Prompt and Data Optimisation for an HR System
Part of the Innosuisse-funded "Talent Track Pro" project, this thesis optimizes AI-powered education credential processing for recruitment, improving how candidate qualifications are identified from CVs. Key finding: simpler AI prompts outperform complex ones.
Emre Yelögrü, 2026
Art der Arbeit Bachelor Thesis
Auftraggebende FHNW University of Applied Sciences and Arts Northwestern Switzerland
Betreuende Dozierende Hanne, Thomas
Views: 4
Scrambl., a Swiss AI recruitment startup, faces challenges processing education credentials from candidate CVs. Their system must extract education entries from unstructured text and map them to a database of 21'000+ standardized programs. Initial analysis revealed errors including wrong degree levels, completely wrong matches, and issues stemming from poor extraction quality. The existing extraction system also used an outdated 13-category classification incompatible with Swiss credential types (EFZ, EBA, CAS, etc.).
The research proceeded in two phases. Phase 1 analyzed the mapping algorithm using 327 CV entries, identifying seven error categories and their frequencies. This revealed that extraction quality constrained mapping performance. Phase 2 pivoted to extraction optimization: a benchmark dataset of 60 CVs (742 education items) was created, the credential taxonomy was expanded from 25 to 29 Swiss-specific types, and multiple extraction approaches were compared, including one-step versus two-step extraction with various prompt variations.
The optimized one-step extraction achieved significant improvements: F1 score increased from 70.0% to 79.6%, with recall improving from 82.3% to 94.4%. This higher recall is particularly valuable for Scrambl., as missing education entries directly impacts candidate matching quality.
A key counterintuitive finding emerged: simpler prompts outperformed detailed ones.
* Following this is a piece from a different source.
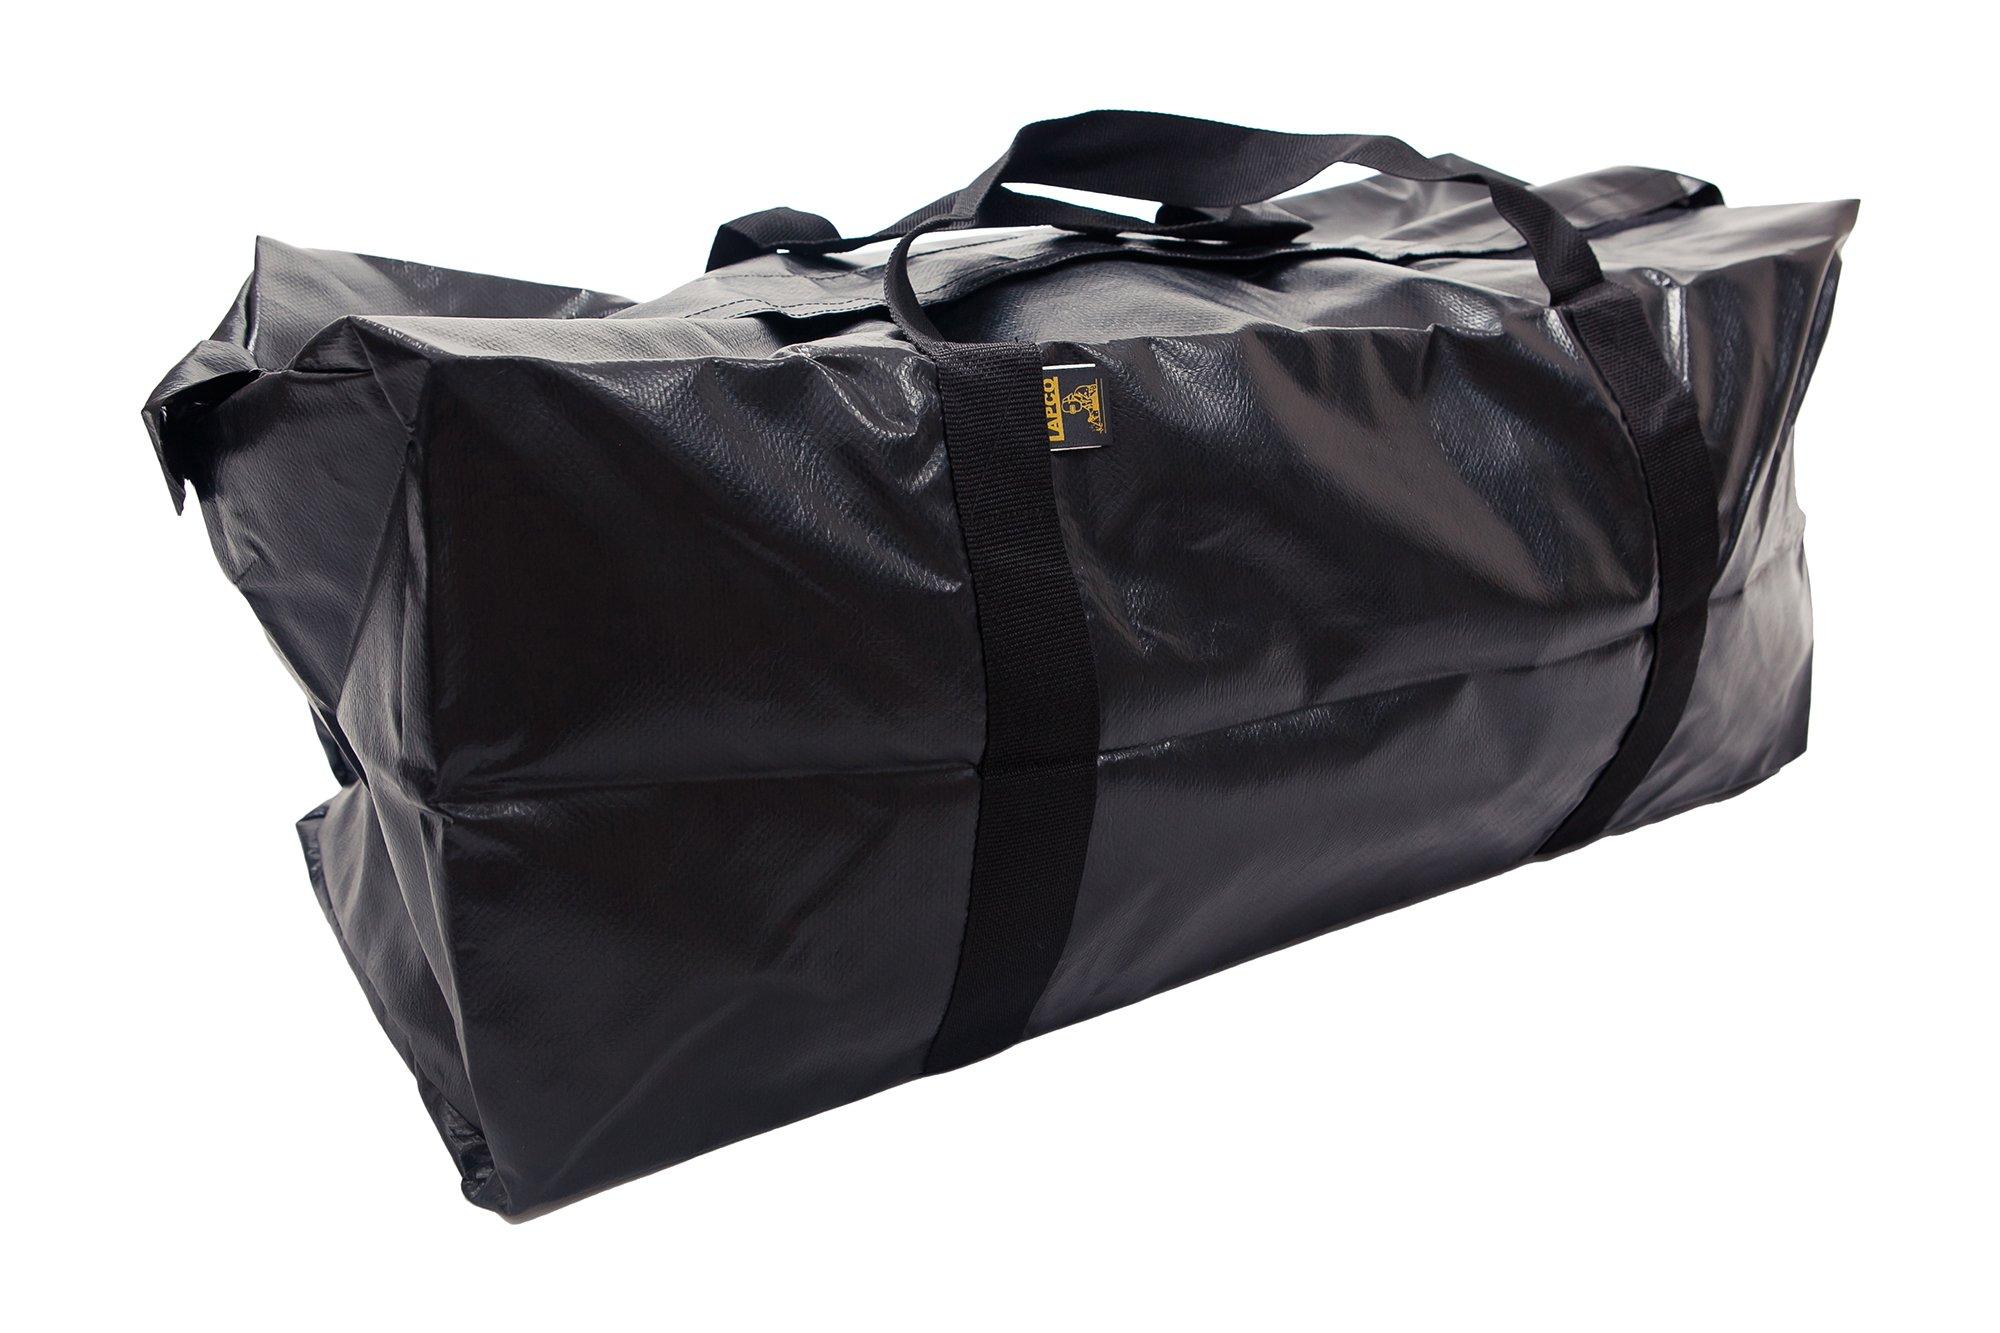 Lapco FR LAP-BV1230BLK Heavy-Duty Weather-Resistant Vinyl Bag, 18 oz, Medium, Black

The best-performing prompt simply listed what to extract and ignore, rather than encoding complex classification rules.
Deliverables for Scrambl. include:
Production-ready extraction prompt with demonstrated performance improvements
Benchmark dataset of 742 labeled education items for ongoing quality assurance
Expanded 29-type credential taxonomy aligned with Swiss education standards
Systematic error analysis documenting mapping failure modes
Concrete solution approaches for future mapping optimization
These results enable Scrambl. to improve their CV processing pipeline immediately while providing a foundation for continued development.
Studiengang: Wirtschaftsinformatik (Bachelor)
Keywords Large Language Models, Prompt Engineering, Information Extraction, CV Processing, Education Credential Mapping, Benchmark Dataset, Entity Resolution
Vertraulichkeit: vertraulich